Abstract

Accurate wind-speed measure along with an effective control technology is an important aspect to attain optimal wind power. This paper proposes a sensorless maximum power point tracking (MPPT) algorithm that estimates the effective wind speed without an anemometer to reduce wind-turbine installation cost and improve the overall efficiency. This algorithm depends on the aerodynamic torque power coefficient approximation to the third-order polynomial. This paper investigates different control schemes of a 1.5-MW grid-tied five-phase permanent magnet synchronous generator (PMSG) based, a variable-speed wind-energy conversion system (VS-WECS). To eradicate the limitations of the proportional-integral (PI) controller as a speed controller, model predictive controller (MPC) is implemented as a replacement of PI controller.

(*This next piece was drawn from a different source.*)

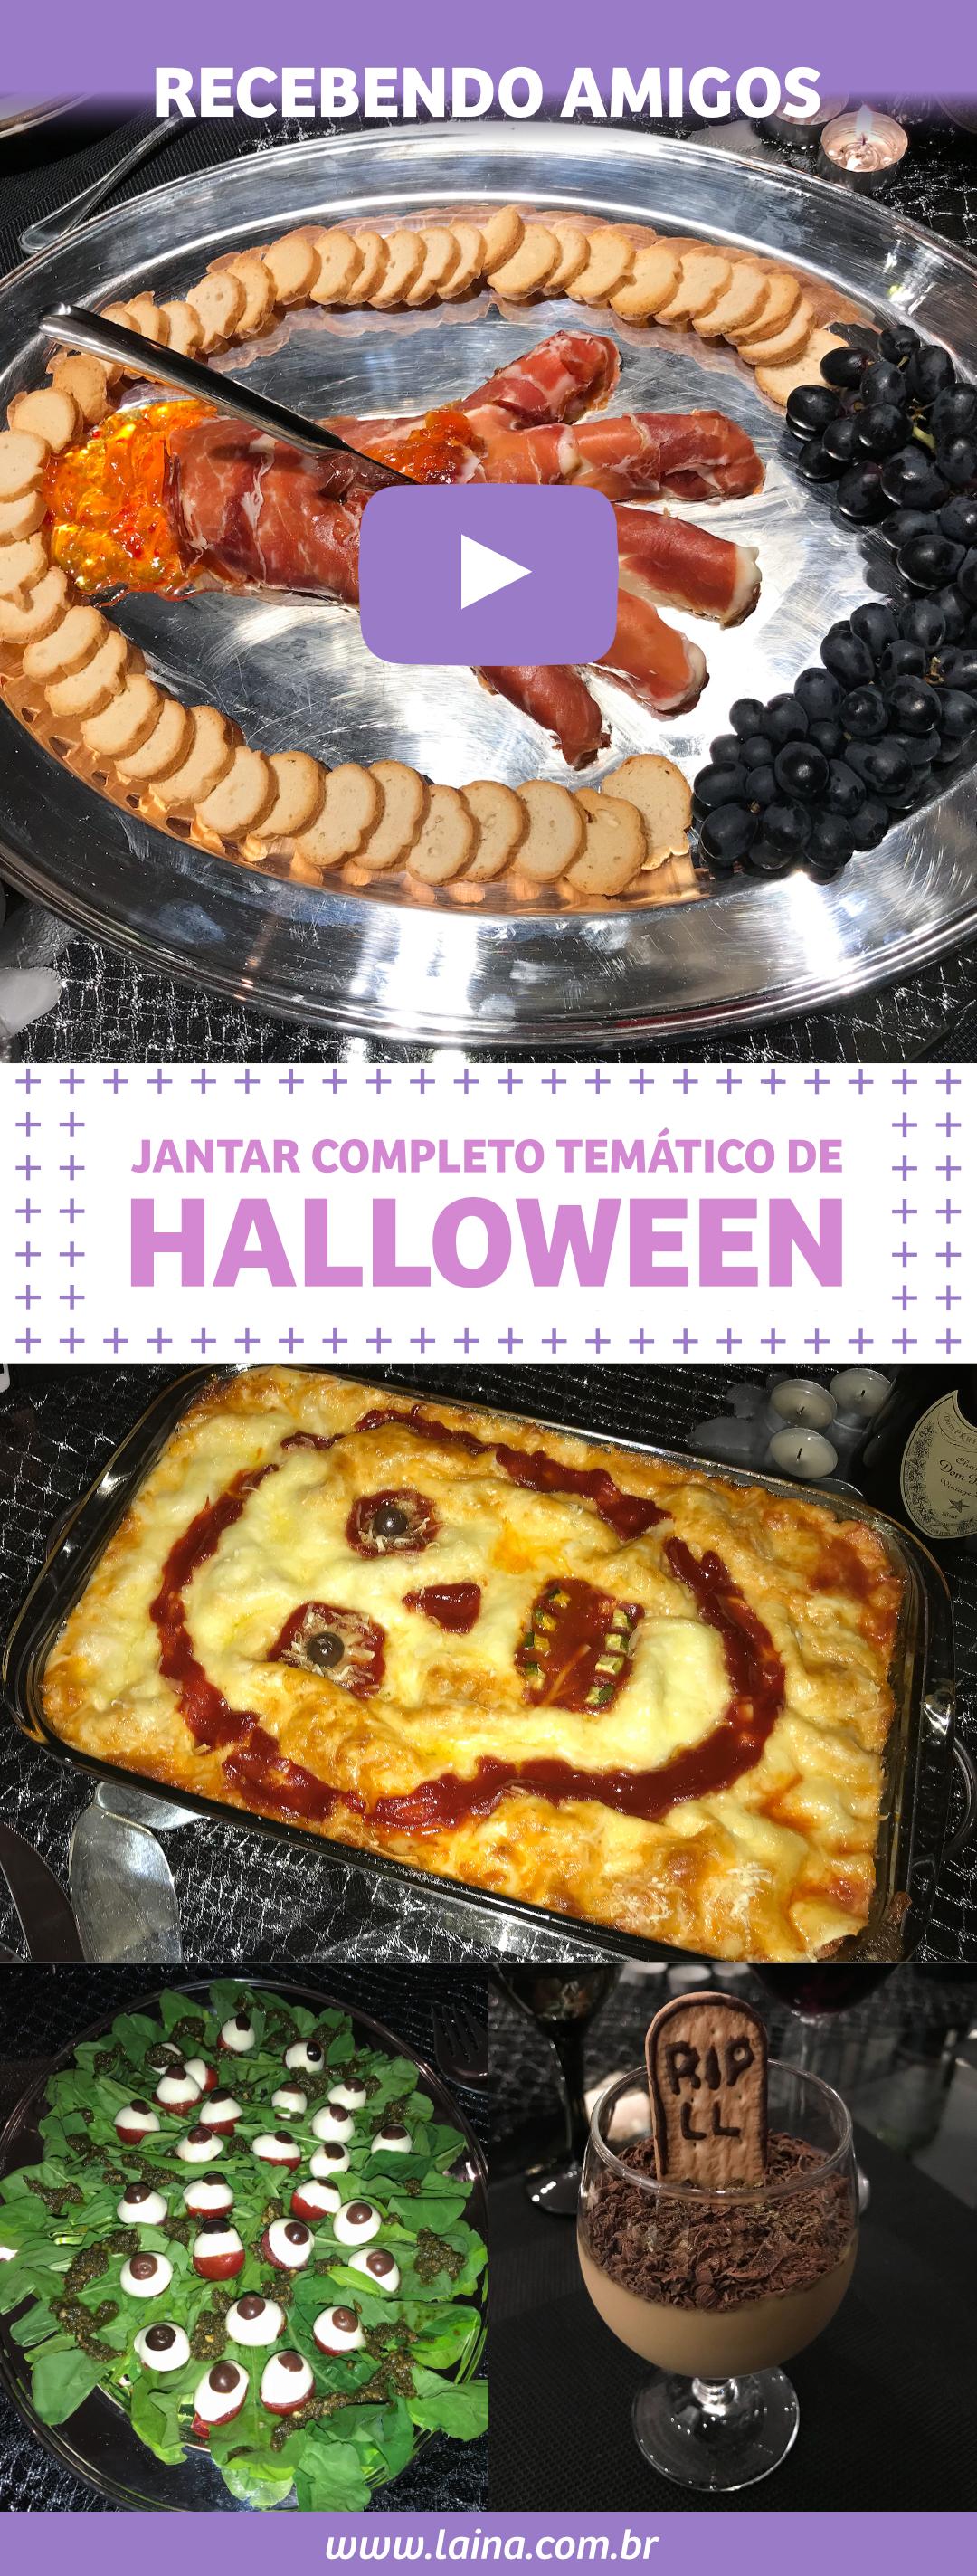 Comidas de Halloween: 4 Dicas de Receitas para assustar e impressionar os seus convidados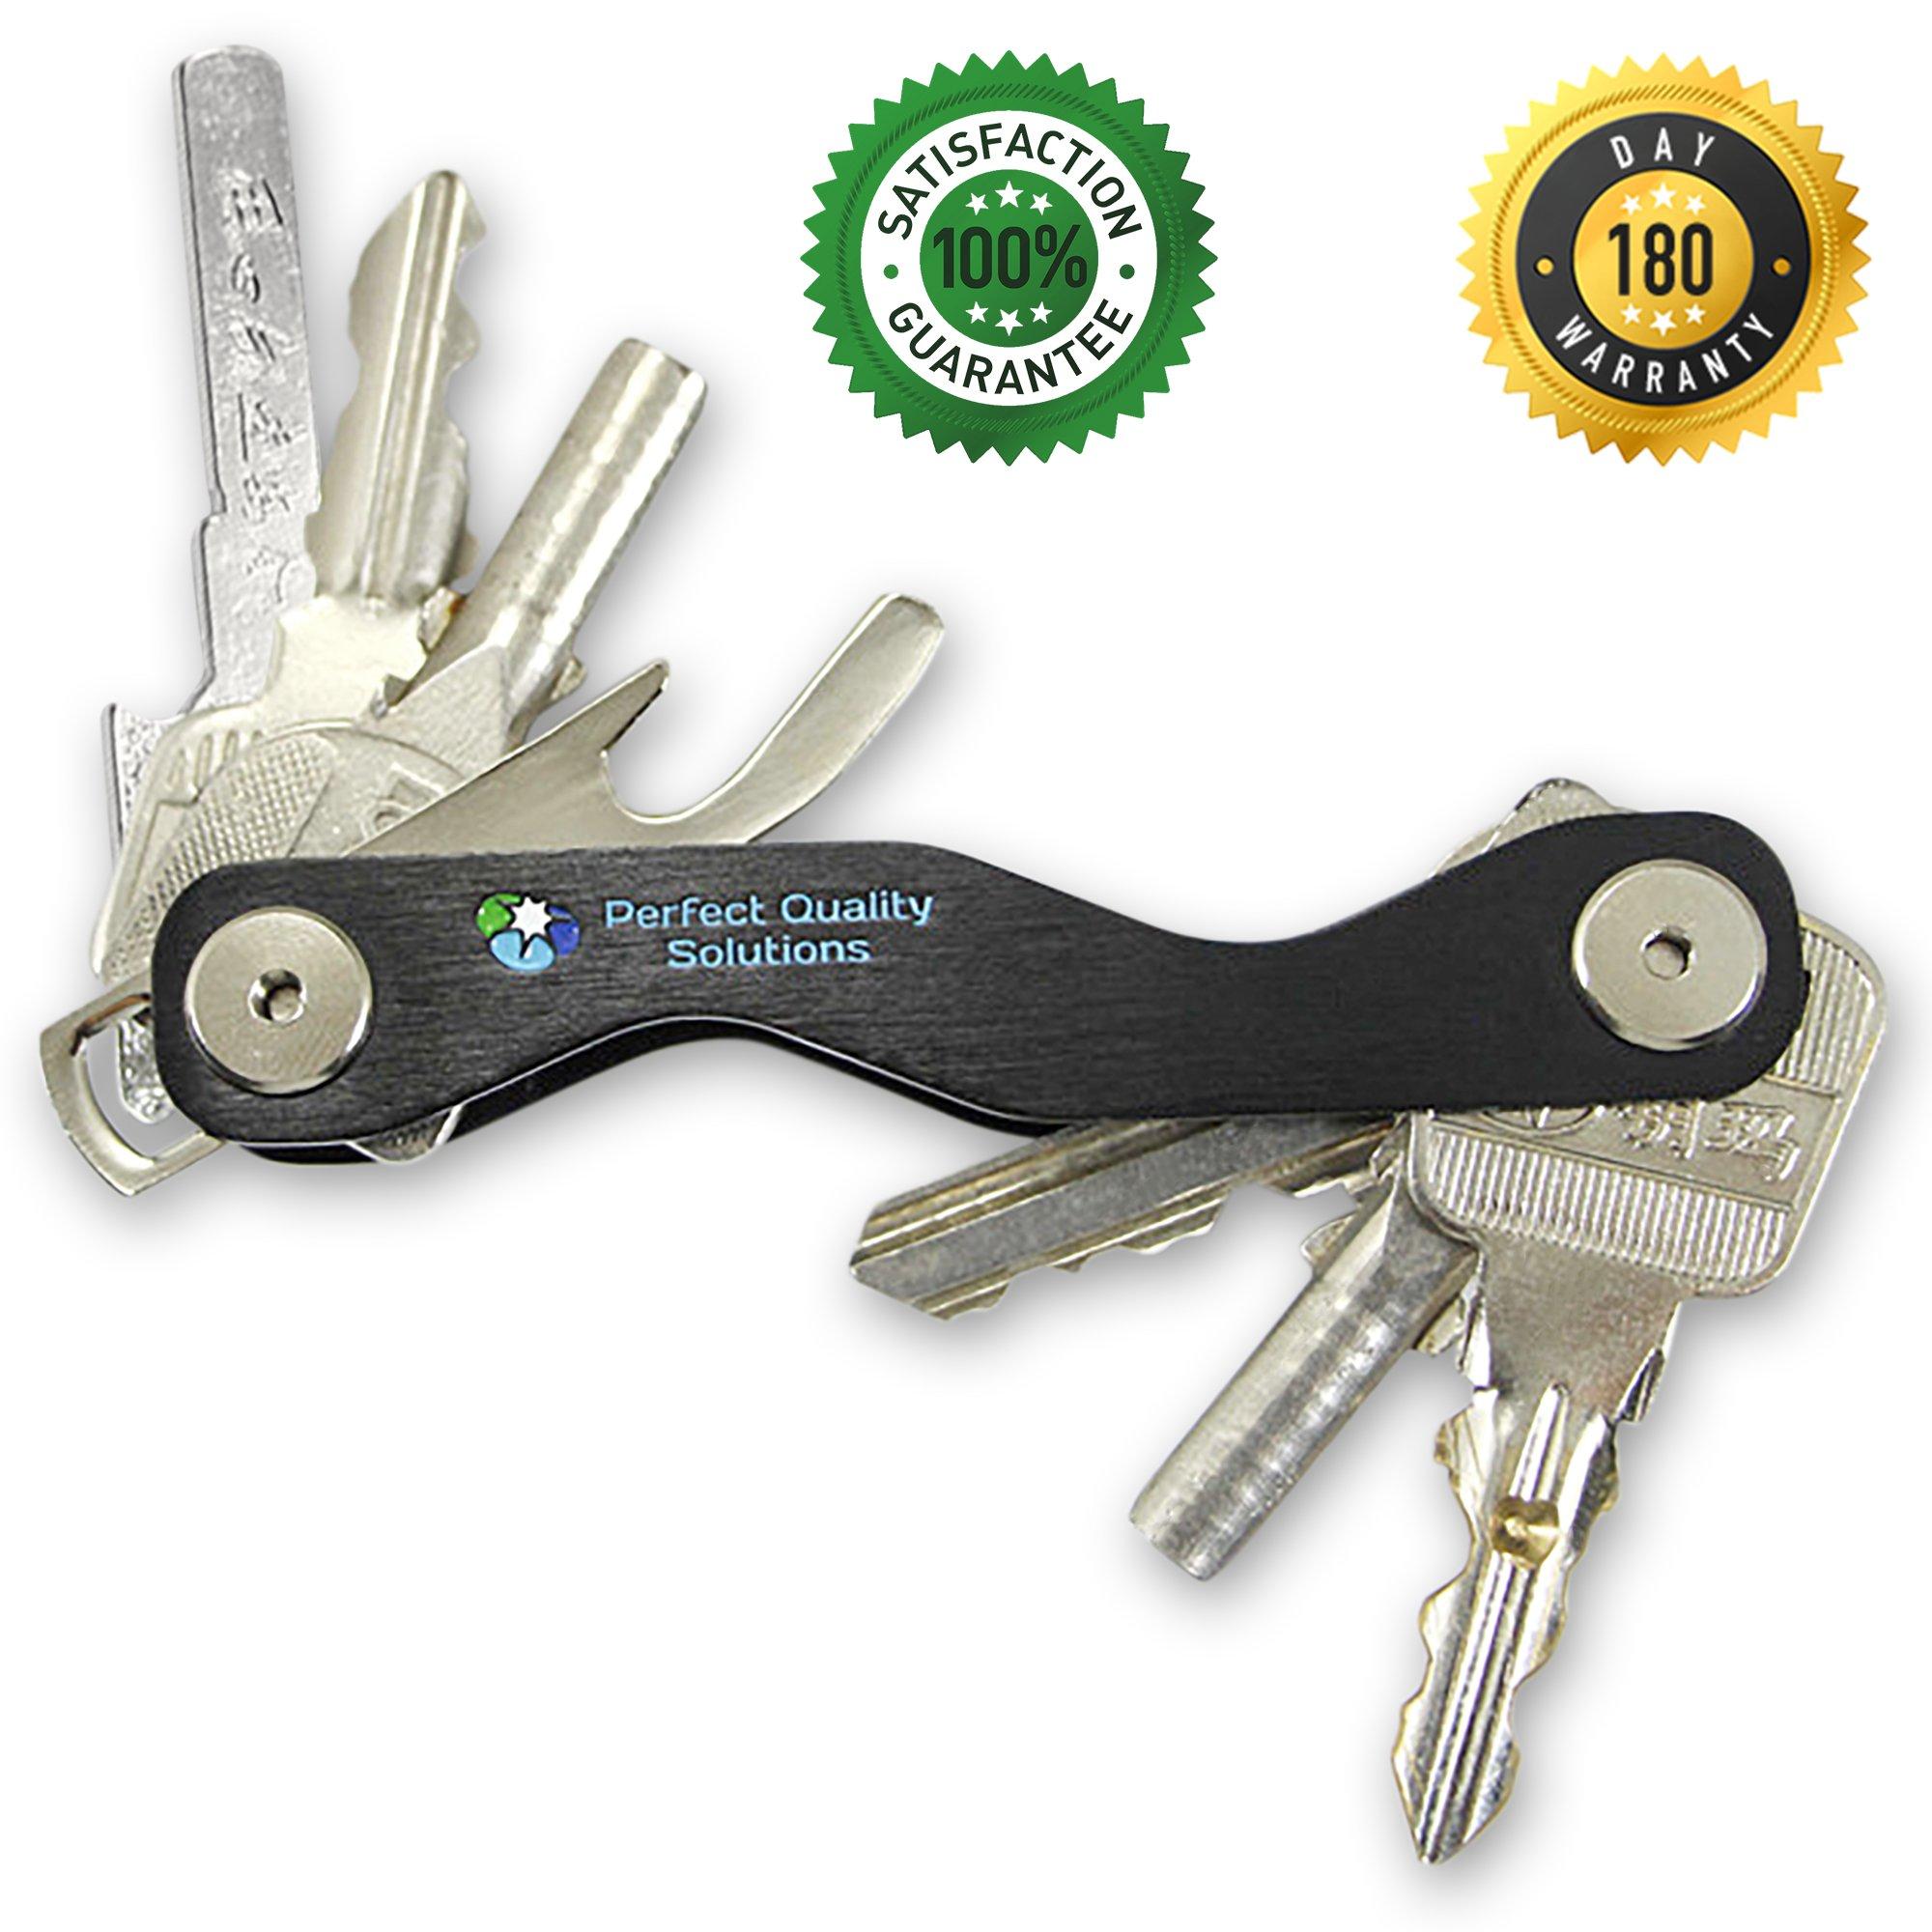 Heavy Duty Car Keychain Key Holder Business Bottle Opener Ring Gift Smart #HA2

The MPC is employed to track the rotor speed to the optimal speed. Both the PI and the MPC are designed and deliberated to satisfy the obedient performance of the speed control loop. Moreover, a comparative study of speed control schemes is performed between the conventional PI controller and the MPC. Performance of the proposed control schemes is validated using the MATLAB/SIMULINK. Simulation results show the superiority of MPC compared with the conventional PI controller and the validity of the MPC as a vital solution for drawbacks of the PI controller.